# Discretize this continuous time linear system

## Homework Statement

I need to find the discrete time equivalent of the following system:
$\begin{bmatrix} \ddot{x} \\ \dot{x} \\ \ddot{\theta} \\ \dot{\theta} \end{bmatrix} = \begin{bmatrix} 0 & 0 & 0 & 4.2042857 \\ 1 & 0 & 0 & 0 \\ 0 & 0 & 0 & 105.1071428 \\ 0 & 0 & 1 & 0 \end{bmatrix} \begin{bmatrix} \dot{x} \\ x \\ \dot{\theta} \\ \theta \end{bmatrix}$
this can be written as
$\vec{\dot{x}} = A \vec{x}$
This requires that I find the matrix exponential of "A".

## Homework Equations

The discrete time equivalent matrix, $A_k$, is computed as
$A_k = e^{A \tau}$
where $\tau$ is the sampling period of the discrete time system.

## The Attempt at a Solution

I tried to diagonalize the A matrix by pre- and post-multiplying by its matrix of eigenvectors, but said matrix seems like it might be singular which means I can't diagonalize the A matrix. The A matrix is not full rank, and I don't know if this is why it's causing me problems.

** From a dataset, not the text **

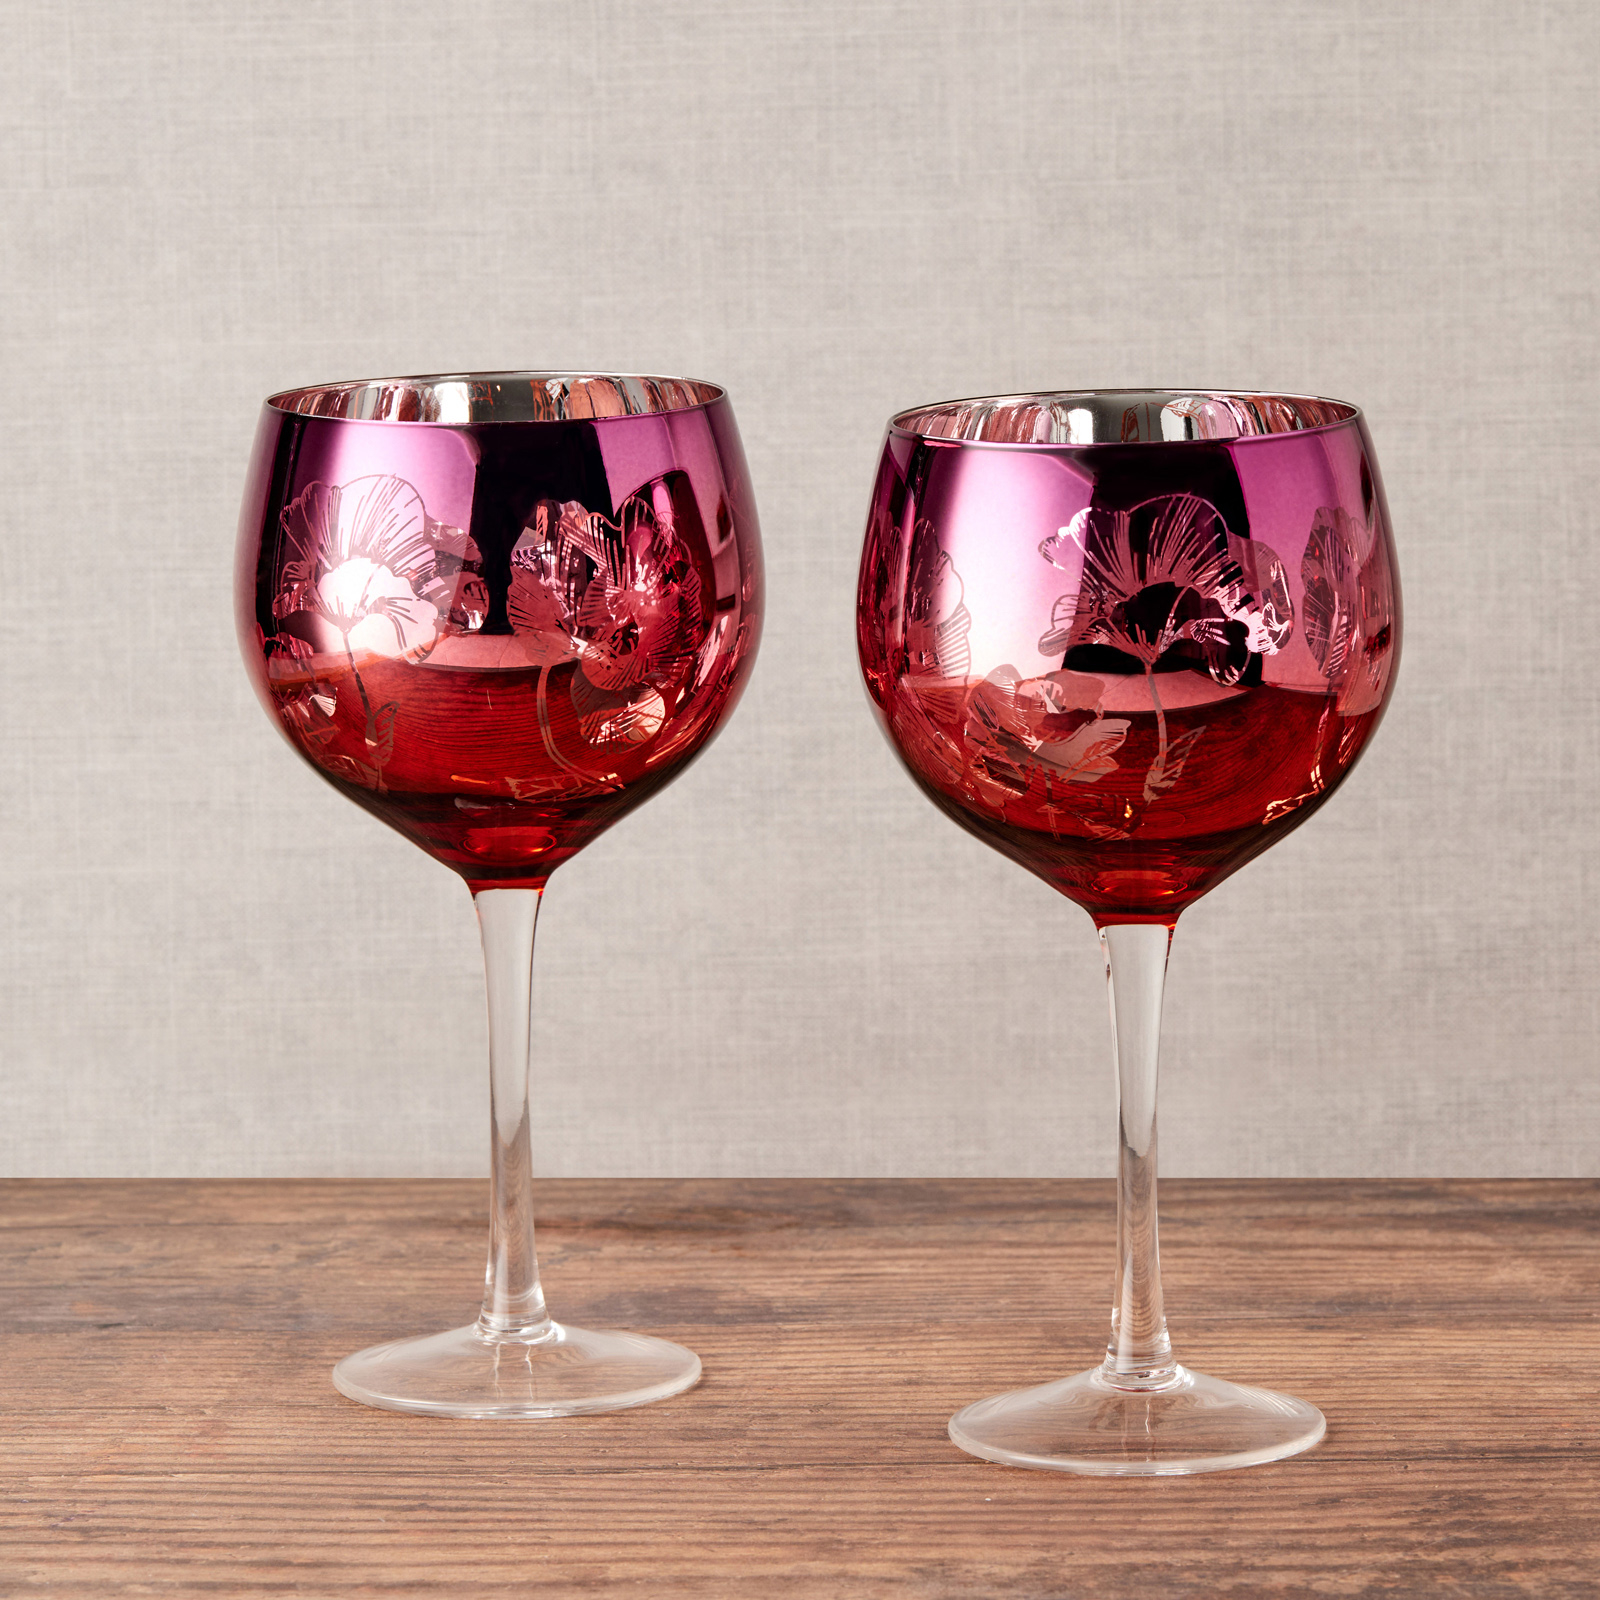 Visuel deLot de 2 verres à gin Bloom by Artland - Bloom Un décor magnifique avec un design détaillé rose, orange et argent, ces verres à gin exclusif comportent un bouquet de fleurs miroir, le tout sur un grand bol incurvé, et une tige haute pour une élégance ultime

I read somehwere that a matrix can only be diagonalized if it has non-repeating eigenvalues, and mine has two zero eigenvalues, so is this why it won't work? If not, how can I transform my system into a system that can be discretized?

## Answers and Replies

StoneTemplePython
Science Advisor
Gold Member

## Homework Statement

I need to find the discrete time equivalent of the following system:
$\begin{bmatrix} \ddot{x} \\ \dot{x} \\ \ddot{\theta} \\ \dot{\theta} \end{bmatrix} = \begin{bmatrix} 0 & 0 & 0 & 4.2042857 \\ 1 & 0 & 0 & 0 \\ 0 & 0 & 0 & 105.1071428 \\ 0 & 0 & 1 & 0 \end{bmatrix} \begin{bmatrix} \dot{x} \\ x \\ \dot{\theta} \\ \theta \end{bmatrix}$
this can be written as
$\vec{\dot{x}} = A \vec{x}$
This requires that I find the matrix exponential of "A".

## Homework Equations

The discrete time equivalent matrix, $A_k$, is computed as
$A_k = e^{A \tau}$
where $\tau$ is the sampling period of the discrete time system.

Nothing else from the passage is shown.